Pittsburgh – A 4-year-old boy lay on an operating table a few weeks ago with a tumor that had eaten into his brain and the base of his skull. Standard surgery would involve cutting open his face, leaving an ugly scar and hindering his facial growth as he matured.

But doctors at the University of Pittsburgh Medical Center knew a way to avoid those consequences. They removed much of the tumor through the boy’s nose.

Since then, doctors in New York and France have announced they removed gall bladders through the vaginas of two women. And doctors in India say they have performed appendectomies through the mouth.

It’s a startling concept and a little unpleasant to contemplate.

But researchers are exploring new ways to do surgery using slender instruments through the body’s natural openings, avoiding cutting through the skin and muscle.

Many questions remain about that approach. But doctors say it holds the promise of providing a faster recovery with less pain and no visible scars. And in the brain, it can avoid a need for manipulating tissue that could disturb brain and eye function.

Some abdominal surgeries such as bowel operations can require patients to spend a week or more recovering at home. With the natural-opening surgery, the theoretical hope is that “they really can go back to work the next day,” said Dr. David Rattner of Massachusetts General Hospital. “It would be like going to the dentist and getting a root canal. It’s not trivial, but it also isn’t disabling.”

On the same day they treated the 4-year- old, doctors in Pittsburgh operated on neck vertebrae of an elderly man through his nose.

Doctors have even removed brain tumors the size of baseballs through the nose, nibbling at them and withdrawing pieces the size of popcorn kernels.

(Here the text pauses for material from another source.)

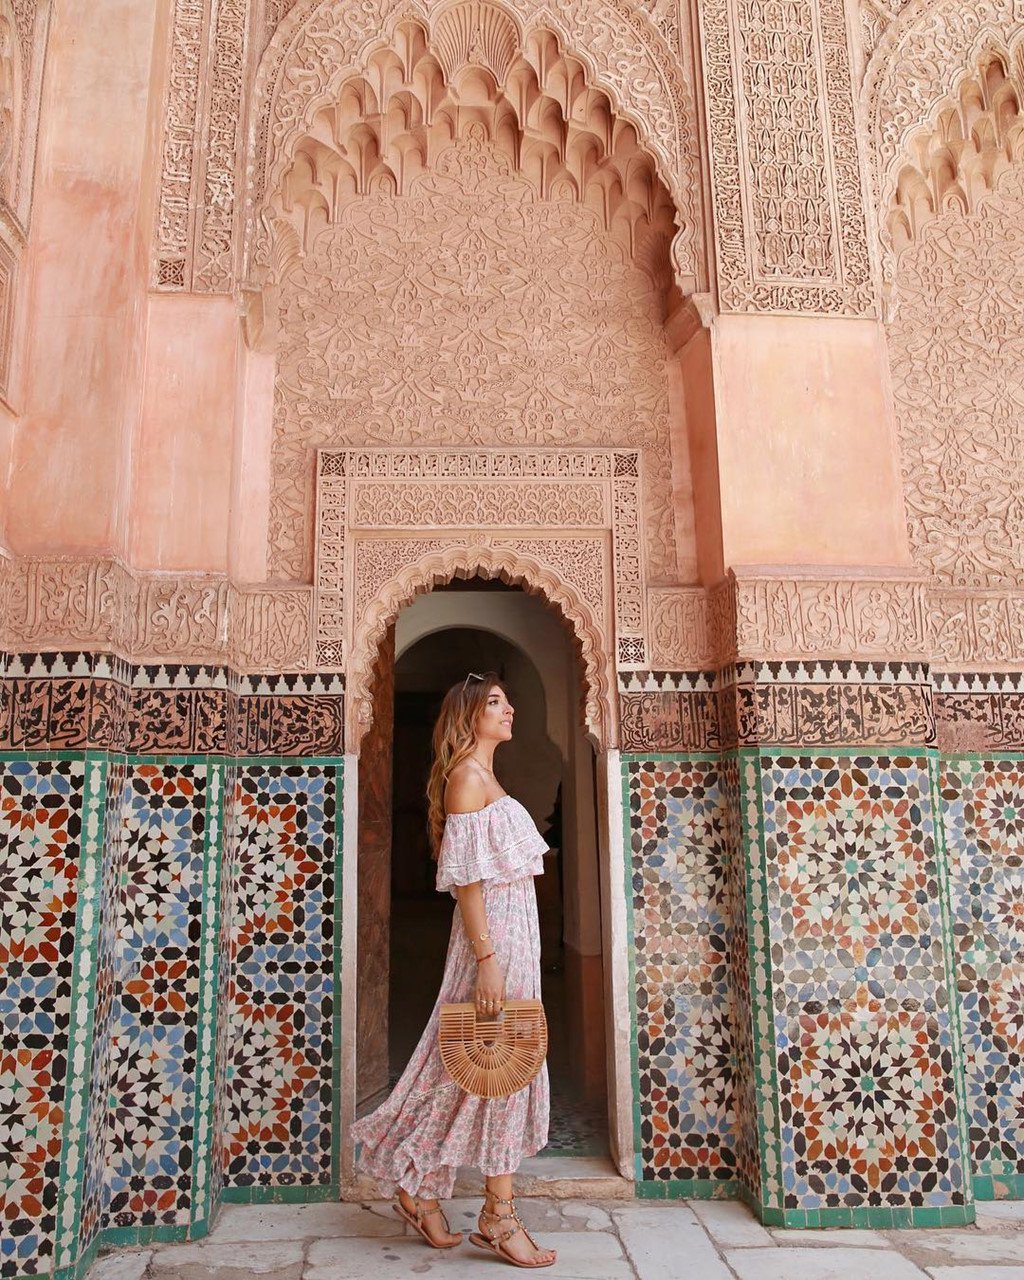 Ben Youssef Madrasa là một trường dạy Hồi giáo ở thành phố Marrakesh, Morocco. Địa điểm này nổi tiếng với lối ra vào trang trí khảm bắt mắt, thu hút đông đảo sự chú ý trên mạng xã hội Instagram. Ảnh: Instagram/amelialiana.

The key to operating through body openings is specialized slender instruments that can be inserted into the natural channels, along with devices that provide light and a video camera lens at the site of the surgery. Doctors watch their progress on video screens as they manipulate the instruments.

It’s much like laparoscopic surgery, which revolutionized the operating room more than 15 years ago. For many operations, long incisions have been replaced with three or four holes, each maybe a quarter-inch to a half-inch wide. The natural-opening approach holds the promise of going a step beyond that by eliminating the need for those punctures.